1) the set a and the set B are initialized,B={xi1,2,. n }, wherein A represents a set for storing summary microblogs, B represents a set of candidate microblogs sorted according to the microblog significance scores, and x representsiIndicating the ith microblogAnd n represents the total number of microblogs. Wherein the significance score of each microblog is by Si=RankScore(i)Calculating;
2) sorting the microblogs in the set B according to the significance scores;
3) taking the first element x from set BiIf xiSatisfies the following conditions:
wherein s represents the microblog in the A set.
Then x isiMoving from the set B to the set A, wherein epsilon is a hyper-parameter and represents a threshold value of the similarity, and otherwise, deleting;
4) repeating the step 3) untilAnd the number of the microblogs in the set A or the set A reaches the expected digest length.
The invention has the following beneficial technical effects:
1. the multi-mode manifold learning algorithm is improved, so that the method can be applied to multi-topic microblog text abstracts without topic sentences. Specifically, it is considered that the status of no subject sentence is the same as that of the subject sentence and other microblog sentences, so that y in the original algorithm is equal to [ y ═ y0,y1,y2,...,yn]TWherein y is0=1;yi0, modified by y0=yi1. Thus, the status of the first sentence is completely parallel to the status of the other sentences, and the subject sentence disappears.
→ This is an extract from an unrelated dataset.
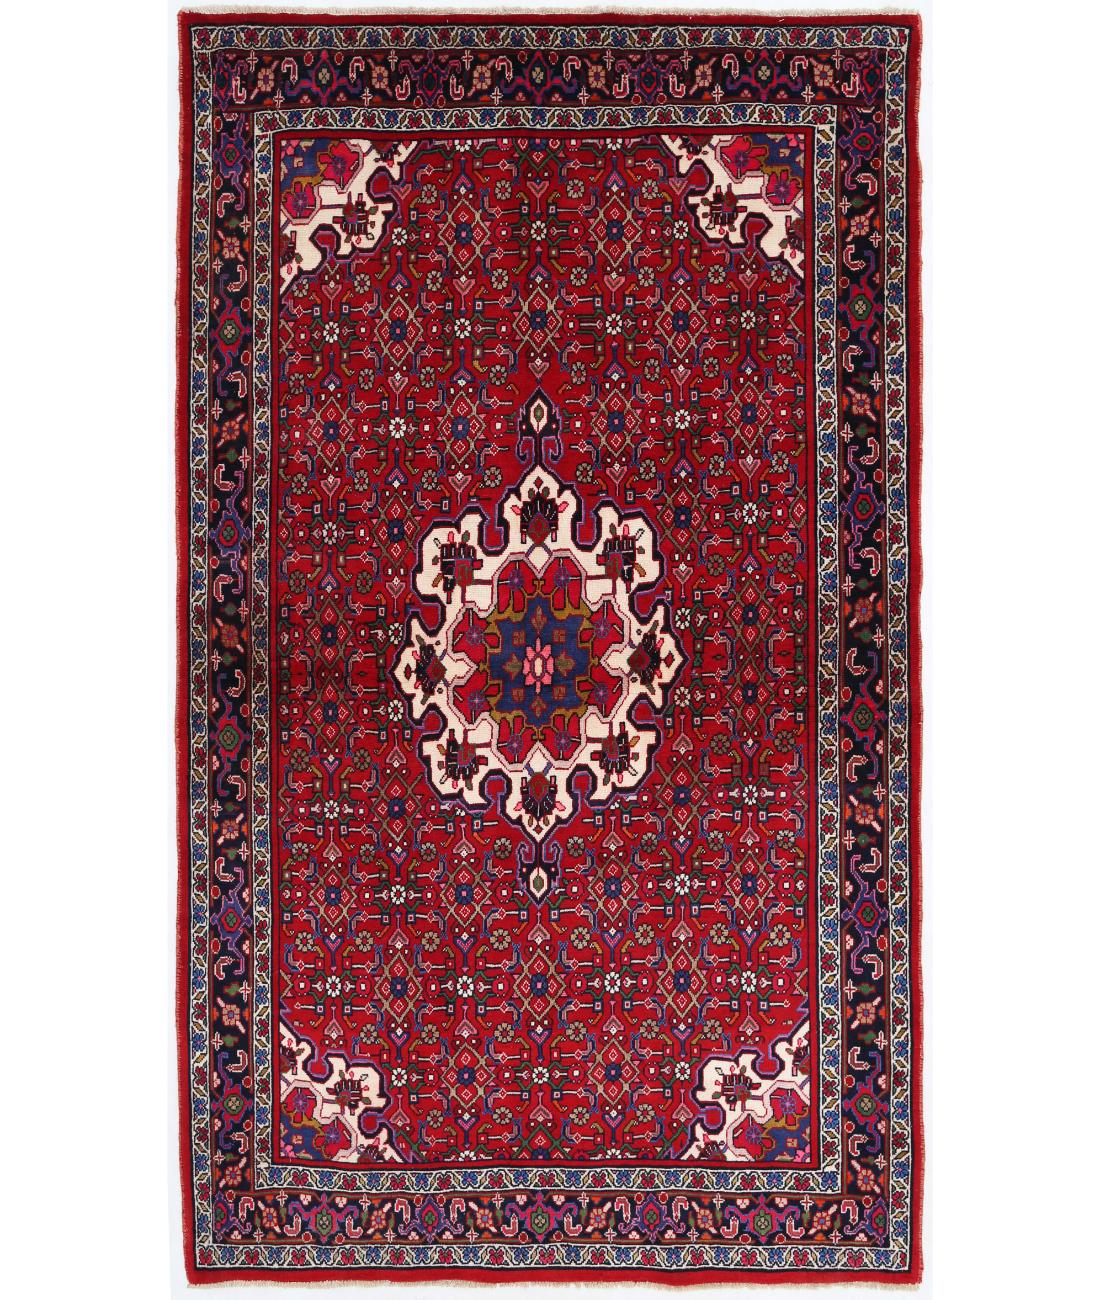 Hand Knotted Persian Bijar Wool Rug - 4'2'' x 7'3'' 4' 2" X 7' 3" ( 127 X 221 ) / Red / Black

Therefore, the algorithm can be applied to the microblog data set, so that the microblog abstract is not interfered by the 'subject sentence' information when being generated, and the information consistency and complementarity among a plurality of documents are well considered.
2. And integrating social network interaction information of the microblog, such as praise number, comment number forwarding number and the like into an abstract algorithm. So as to obtain the abstract with high information coverage, novelty and summarization. The user issues a microblog, and the interaction amount of the friends of the user and the people who browse the microblog represents the attention degree of the people and the recognition degree of the microblog information. Generally, the information coverage, novelty and summarization of the microblog are indicated to a certain degree by the attention and the recognition of a piece of information, and the text abstract is just to select sentences with high information coverage, novelty and summarization. Therefore, the interactive information is integrated into the algorithm, and the abstract with better information coverage, novelty and summarization can be obtained.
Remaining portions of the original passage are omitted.